With the increase in medicinal applications the analytical characterisation required by the regulatory bodies has become more stringent. The higher resolution options for this analysis have proven to be either non-porous anion exchange [AEX] or ion pair reverse phase [IPRP] UHPLC. Both have their own advantages and differences in selectivity’s. Because of this many laboratories employ the use of both techniques to ensure complete characterisation. IPRP has the advantage of direct coupling to mass spectroscopy [MS]. However there is a high level of an ion pair such as Tri Ethyl Ammonium Acetate [TEAA] used which effectively converts the reverse phase column into a pseudo-ion exchange column. This amount of TEAA used causes ion suppression and usually contaminates the LCMS system with the ion pair reagent, effectively limiting the use of the instrument to negative ion mode until it is cleaned. Subsequent improvements to this method employed the use of hexafluoroisopropanol [HFIP] with lower levels of ion pair, reducing the ion suppression and increasing sensitivity when coupling to MS. The Thermo Scientific™ DNAPac™ anion exchange columns have proven to be the gold standard for nucleotide separations and there is now a UHPLC version of this column.

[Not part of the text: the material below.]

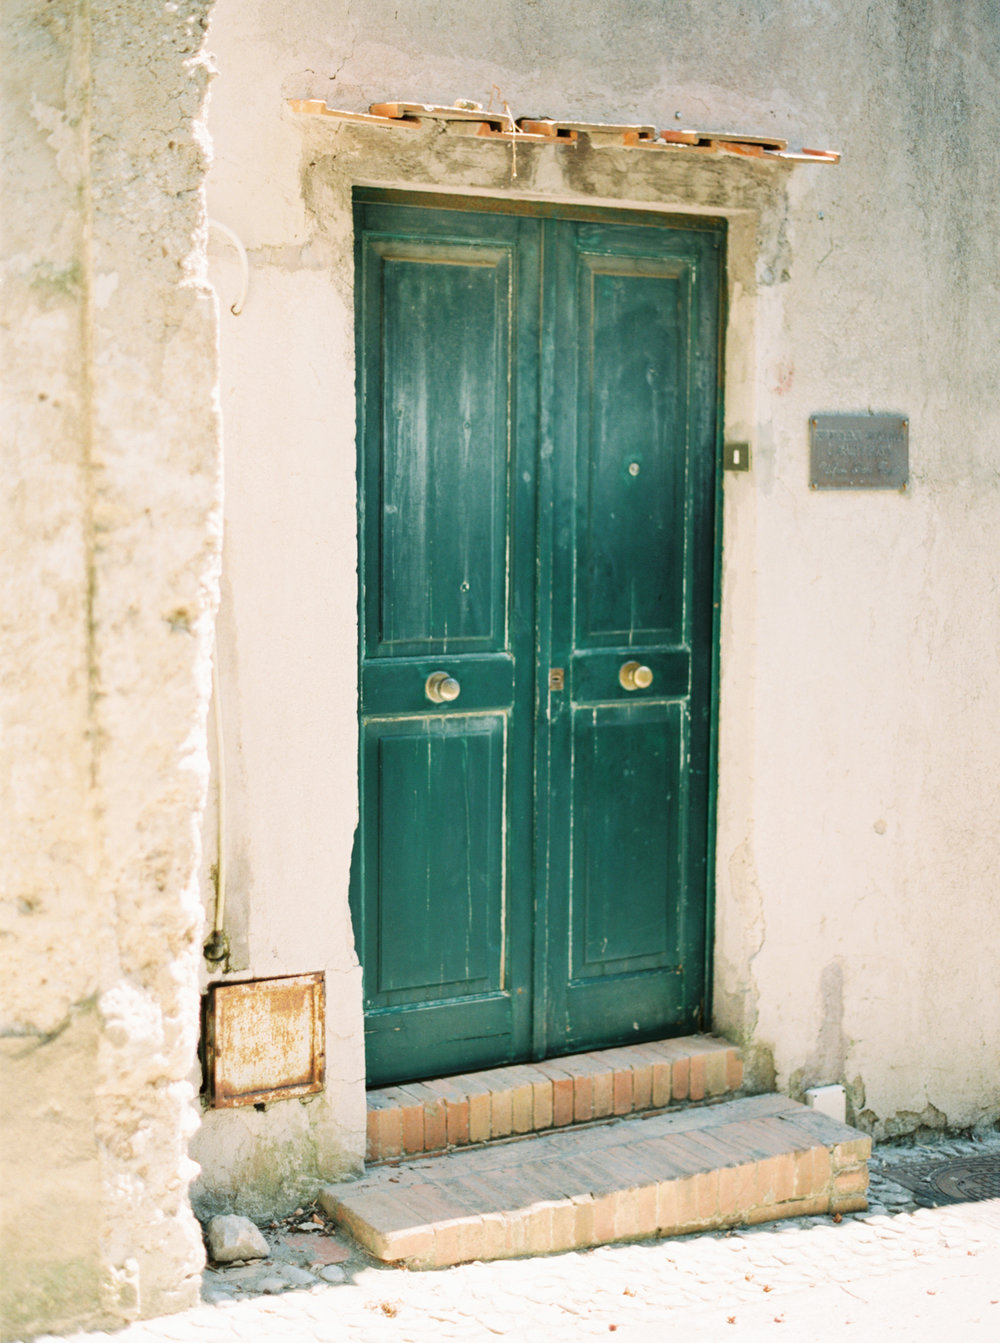 Erich-Mcvey-Capri-Coco-Lane.jpg-3.jpg

A high level of salt is used in the eluent system which prevents direct coupling to MS and the corrosive nature of the eluent requires the use of an inert UHPLC system to ensure robustness of the method. Ion exchange can be used in conjunction with MS if a suitable desalting method is employed and this can be automated in a 2 dimensional approach. Trapping onto a reverse phase cartridge using acetonitrile and ammonium formate as an eluent system has proven to be very fast an effective way to remove salt and limit both adduction and ion suppression, resulting in improved MS sensitivity. While MS can confirm base composition and answer other questions in oligonucleotide characterisation, there are some modifications which result in isobaric products that the MS system cannot discriminate. In such cases as incorrect linkages there must be a suitable UHPLC separation. There are many methods in quality control where the UHPLC assay provides enough selectivity to stand on its own. Whichever LC method proves more favourable for the analysis the availability of both techniques provides the option for a more thorough characterisation.
The Anion exchange column used was a Thermo Scientific™ DNAPac™ PA200 RS using a sodium chloride eluent system and the IPRP column was a polymeric Thermo Scientific™ DNAPac™ RP with a TEAA eluent system. The sample was a single stranded synthetic DNA and both separations are similar but differences in the selectivity can still be seen. The separation mechanism for both techniques addresses primarily size then sequence or base specificity to a lesser degree. These methods can be tailored using different eluent systems to favour separations based mainly on size or to introduce greater sequence specificity. Perchlorate eluent systems in anion exchange produce separations based mainly on size, where sodium chloride eluents provide more selectivity for resolution of nucleotide sequence and modification variations. With IPRP an eluent system based solely on TEAA allows sequence differences to be exploited. Addition of HFIP or use of hexylamonium acetate will convert this to size only as will the use of tri butyl ammonium acetate. In addition, the pH can be raised to between 9-11 on polymeric resins. This causes the ionisation of the tautomeric oxygen present only on guanine and thymine (uridine in RNA) bases. The additional negative charge will increase retention of the oligonucleotide. This gives additional sequence separation depending on the amount of these two bases present in the sequence. This separation power was restricted to the polymeric anion exchange resins due to the pH limitations of silica reverse phase columns. However there is now a polymeric UHPLC reverse phase column available in the Thermo Scientific™ DNAPac™ range for oligonucleotide separations where this option has proven effective.